Regarding the use of deformation-based data augmentation, an improvement of 2.3% and 3.9% is obtained for Dice and Jaccard coefficients, respectively. For the distance between surfaces, an improvement of 1.57% is achieved. As shown in Fig. 8, the Dice and Jaccard score’s improvement is statistically significant according to the Wilcoxon test but it is not for the distance between surfaces.

Finally, we also trained and tested the V-net in [8] to compare the results, which are shown in Table 2. Even if the Dice and Jaccard scores are very similar for both architectures, the distance between surfaces is much larger in the case of the Unet and the statistical significance is notable, with a p-value of 1.73e−09 for the case of the distance according to the Wilkoxon test (Fig. 9). This suggest that our architecture enables better quantification of mean pulmonary artery diameters.
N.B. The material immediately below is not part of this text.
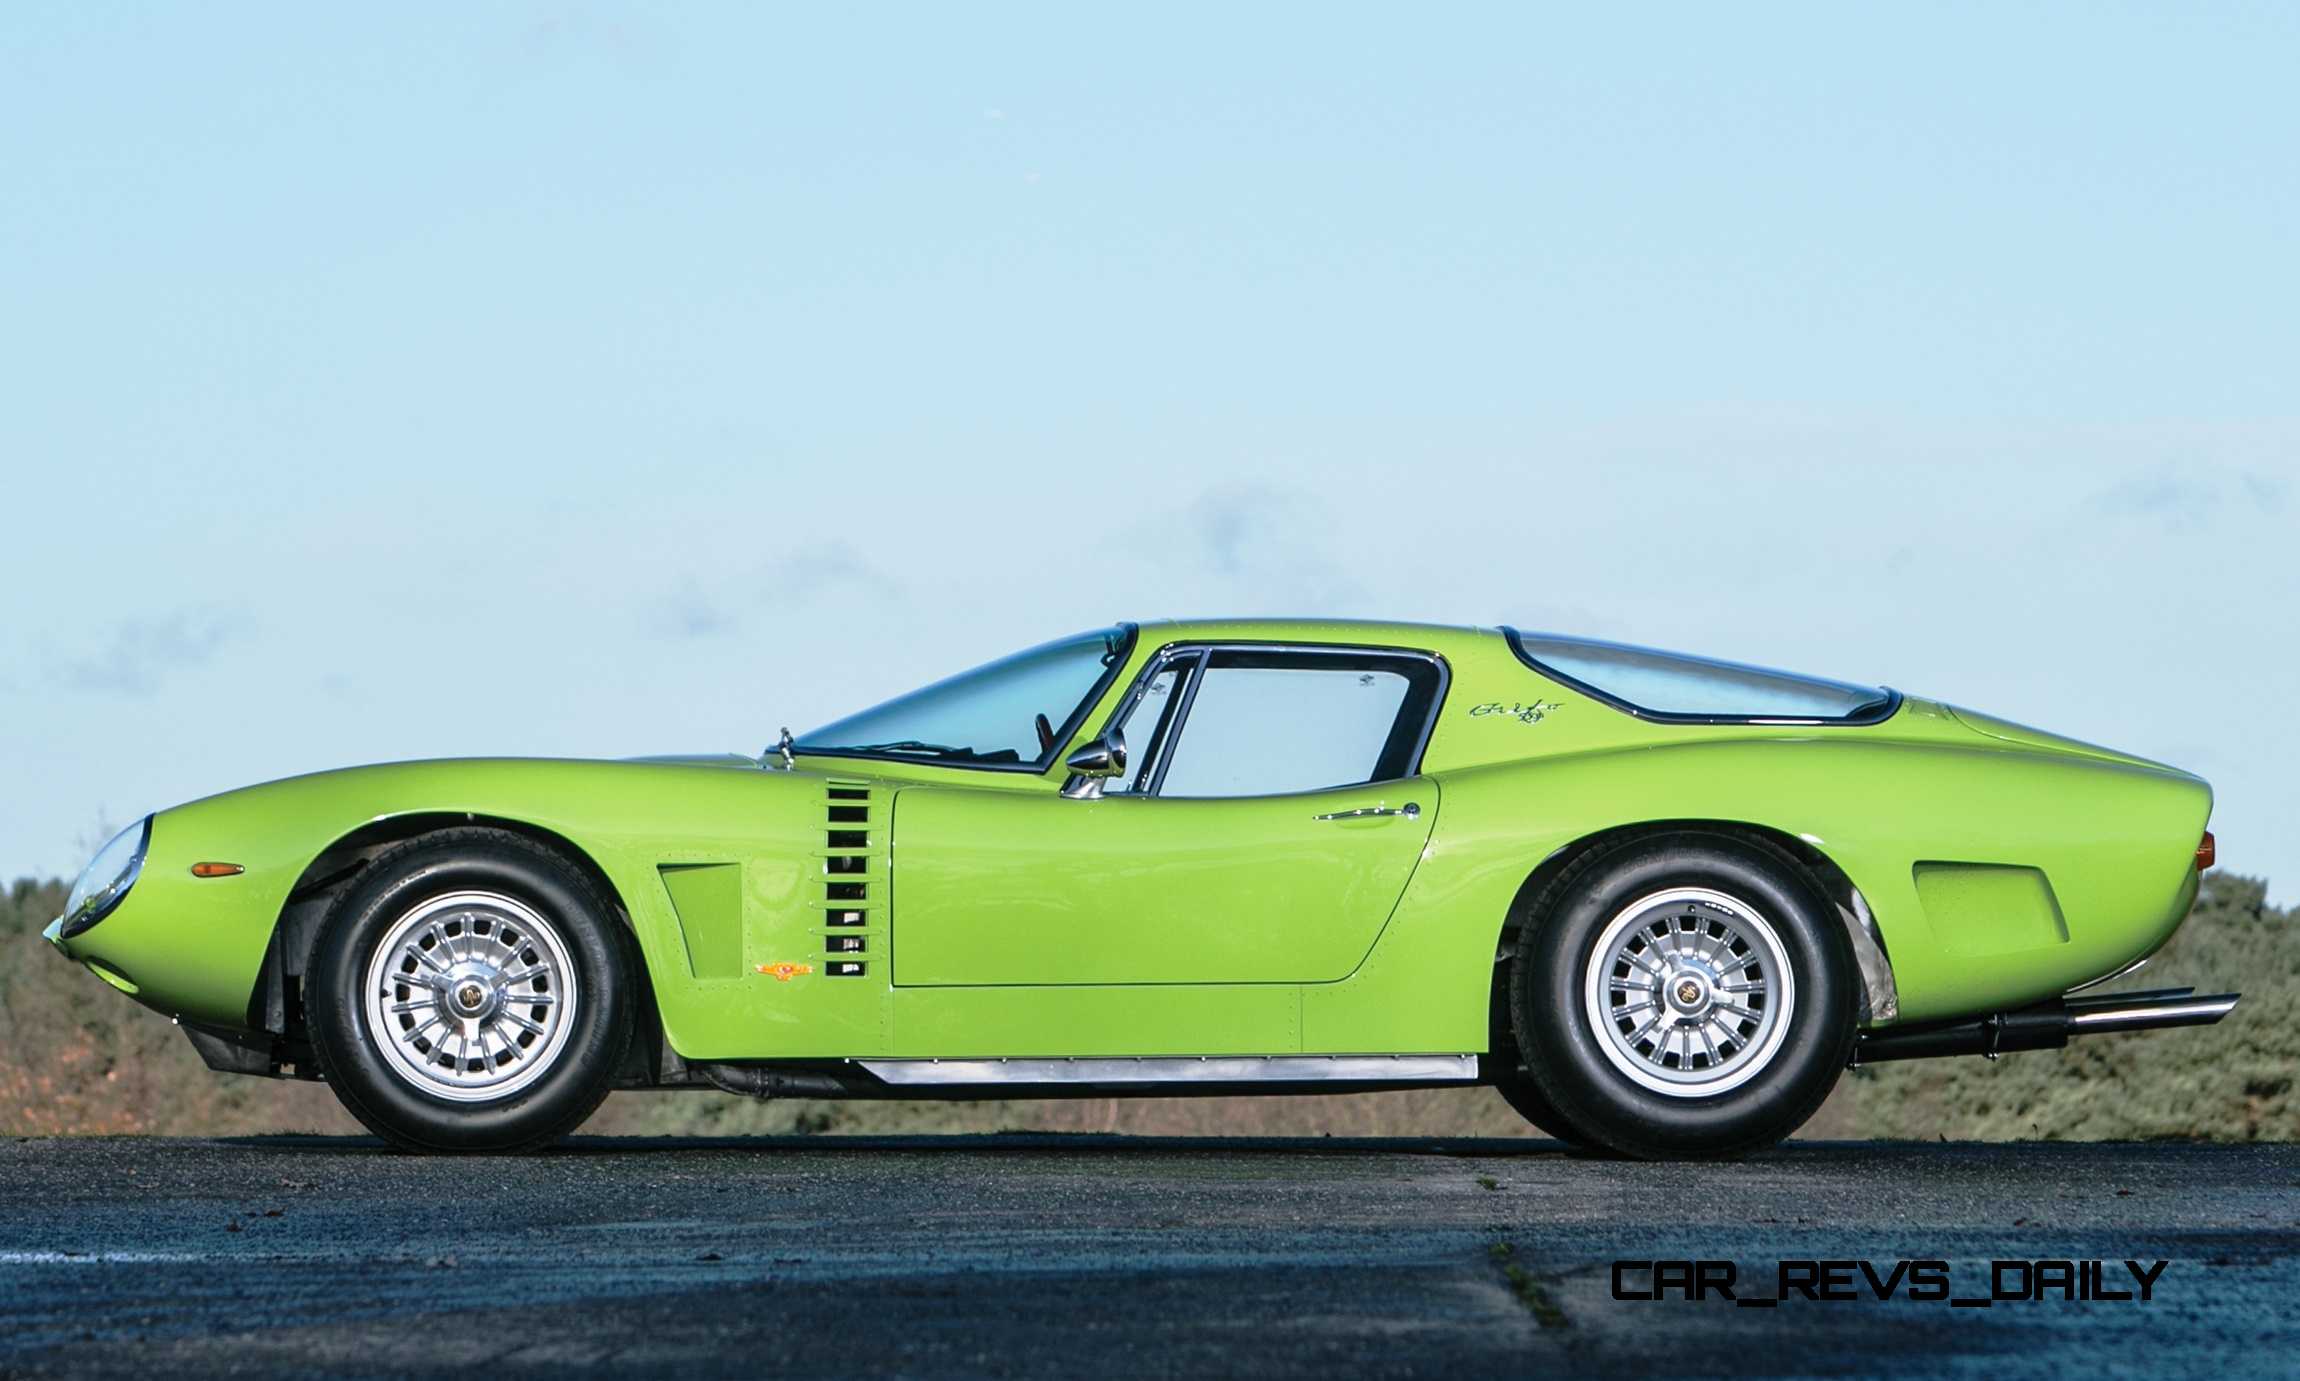 http://www.car-revs-daily.com/file/2014/12/1965-Iso-Grifo-A3C-Stradale-5.jpg

Table 1. Evaluation metrics for the proposed network when including realistic deformable registration based data augmentation and without it.
Table 2. Evaluation metrics for the proposed method as compared to a traditional Unet when using the deformation-based data augmentation.
Fig. 8.
figure 8

Plots showing the Dice and Jaccard scores and the mean distance between surfaces for all the test volumes when using the proposed data augmentation technique, and without it. The p-values corresponding to the Wilkoxon test are also displayed.

Fig. 9.
figure 9

Plots showing the Dice and Jaccard scores and the mean distance between surfaces for the proposed architecture and a Unet. The p-values corresponding to the Wilkoxon test are also displayed.

Fig. 10.
figure 10

Outlier test case of a patient with a very big liver, which the network segments as artery.

6 Conclusions

Hereby, we proposed a new CNN to PA segmentation from CTA images, which opens up the opportunity for more complex analysis of the evolution of the PA geometry (i.e. going beyond just measuring the diameter). The network is based on an encoder-decoder scheme similar to the V-net [8], but by including Dense blocks and Enet blocks, we are able to improve the segmentation results, mostly in terms of distance between surfaces. Adding bootstrapping to the loss function could further increase the accuracy of our model.
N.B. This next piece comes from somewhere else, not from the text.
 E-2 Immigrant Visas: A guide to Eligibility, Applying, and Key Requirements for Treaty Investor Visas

Additionally, a novel data augmentation approach has been described, which relies on a PCA analysis of deformation fields extracted from the affine registration of several volumes. For the current work, 10 different base deformation fields have been extracted by registering 10 volumes to a reference CTA. Looking at the results, it seems that more fields are necessary to account for a larger anatomical variability between patients since the improvement as compared to training without this data augmentation is not statistically significant regarding the distance between surfaces. However, a tendency is observed in the Dice and Jaccard scores, which suggests that with more deformation fields a better outcome may be achieved. Additionally, the fields generated to create the synthetic images after the PCA analysis are obtained by varying the weight of each eigenvector with the square root of the corresponding eigenvalue, which limits the range of deviation from the mean deformation. Weighting each eigenvector with a wider value range could also account for more variability in the input data.

Finally, regarding future work, our aim is to incorporate a data augmentation technique that simulates non-contrast CT volumes from CTA scans. This may allow to use the same network to segment and characterize the artery in cohorts where the use of contrast is not usual, such as COPD patients.